Documenting Your Semantic Model
Good documentation makes a semantic model usable. When columns and measures have clear descriptions, report builders can work confidently without guessing what fields mean. But writing descriptions by hand for every object in a large model is tedious.
This walkthrough shows how to combine the Data Dictionary and AI Model Documentation features to document your model quickly, then hand it off to business stakeholders for review.
Who This Is For
- Data engineers and model developers who want to document their models without spending hours writing descriptions manually.
- Business analysts who need to review and refine model documentation to make sure it reflects business terminology and context.
The Workflow
Step 1: Generate Descriptions with AI
Start by letting AI generate a first pass at your documentation.
- Open your model in Semantic Modeler.
- Go to the AI Model Documentation feature (requires an AI provider configured in Settings, or the AI Add-on license).
- Run the documentation generator. It analyzes your table names, column names, data types, and DAX expressions to produce descriptions for tables, columns, and measures.
The AI does a good job of explaining what things are based on naming conventions and DAX logic. It won't know your specific business context (like why a certain filter exists or what a particular KPI means to your organization), but it gives you a solid starting point.
Step 2: Export the Data Dictionary
Now that your model has AI-generated descriptions, export everything to a spreadsheet.
- Click Export Data Dictionary in the toolbar.
- Choose XLSX or ODS format.
- Save the file.
The exported workbook contains all your tables, columns, measures, and relationships with their current descriptions.
Step 3: Review and Refine
Share the spreadsheet with business analysts, subject matter experts, or other stakeholders. They can:
- Correct any AI-generated descriptions that miss the mark
- Add business context that the AI couldn't know (e.g., "This measure excludes returns processed after the 30-day window per company policy")

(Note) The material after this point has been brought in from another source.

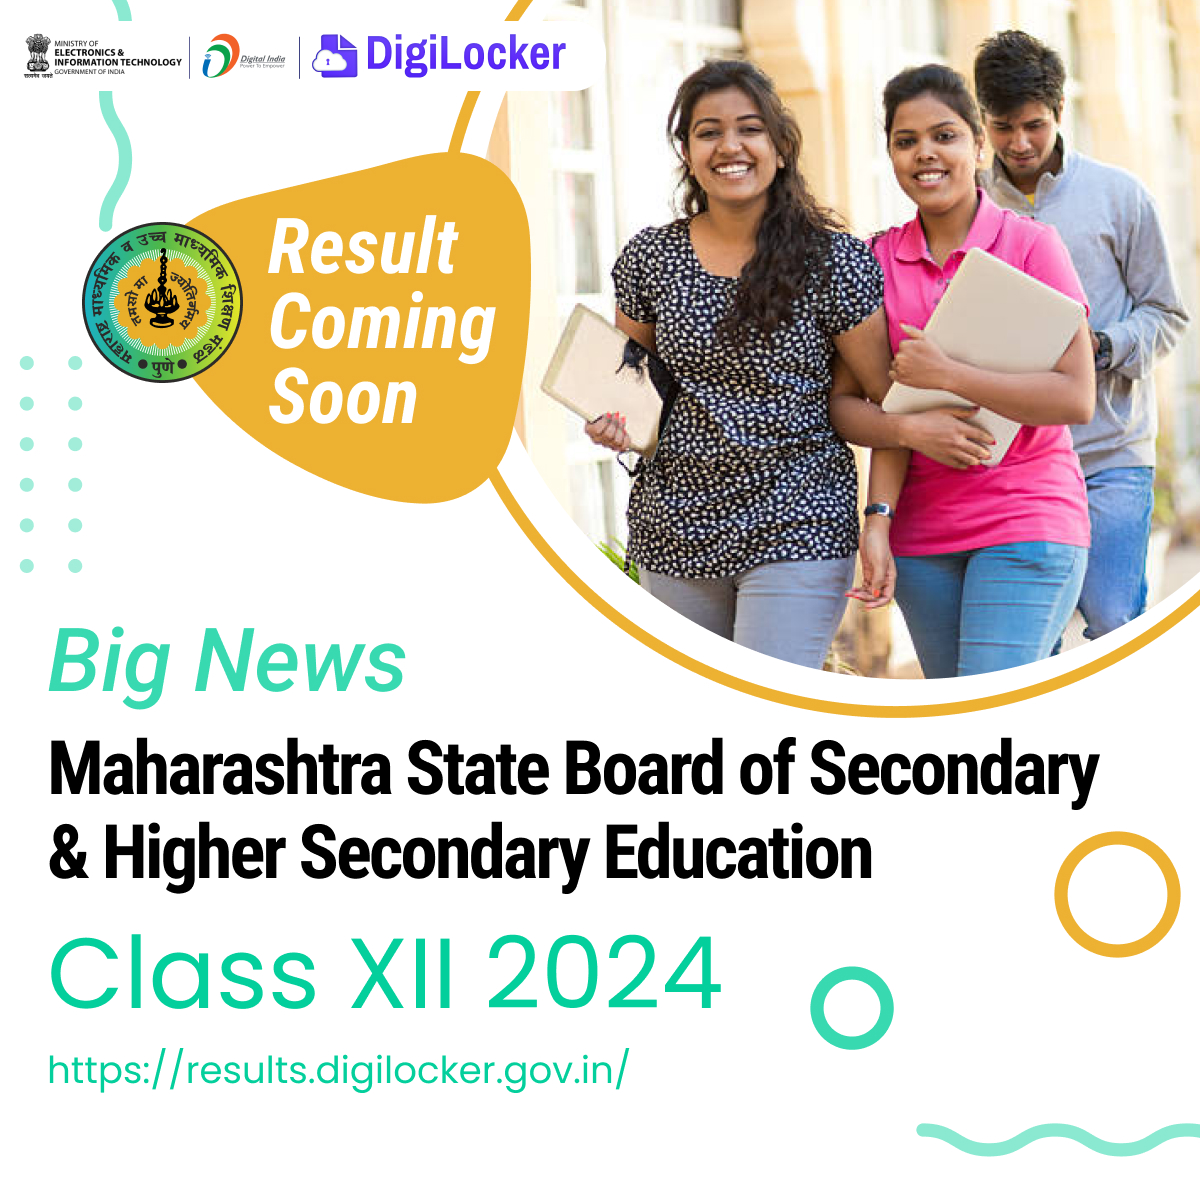 Exciting updates for Maharashtra State Board of Secondary & Higher Secondary Education, Class XII 2024 students! Your results #comingsoon on results.digilocker.gov.in Stay tuned for the latest announcements! #Maharashtraboard #classxii #Result2024

- Standardize terminology to match what the organization actually uses
- Flag columns or measures that need attention
This step is where the real value comes in. The AI saves hours of initial writing, and the human review ensures accuracy and business relevance.
Step 4: Import the Revised Spreadsheet
Once the review is complete, import the updated spreadsheet back into Semantic Modeler.
- Click Import Data Dictionary in the toolbar.
- Select the reviewed file.
- Semantic Modeler updates all descriptions in one step.
Only non-empty cells overwrite existing values, so reviewers don't need to worry about accidentally clearing fields they didn't touch.
Time Savings
For a model with hundreds of columns and dozens of measures, writing descriptions manually could take a full day or more. This workflow typically reduces that to:
- A few minutes for AI generation
- An hour or two for stakeholder review (which can happen asynchronously)
- Seconds for the import
The result is documentation that combines AI speed with human expertise.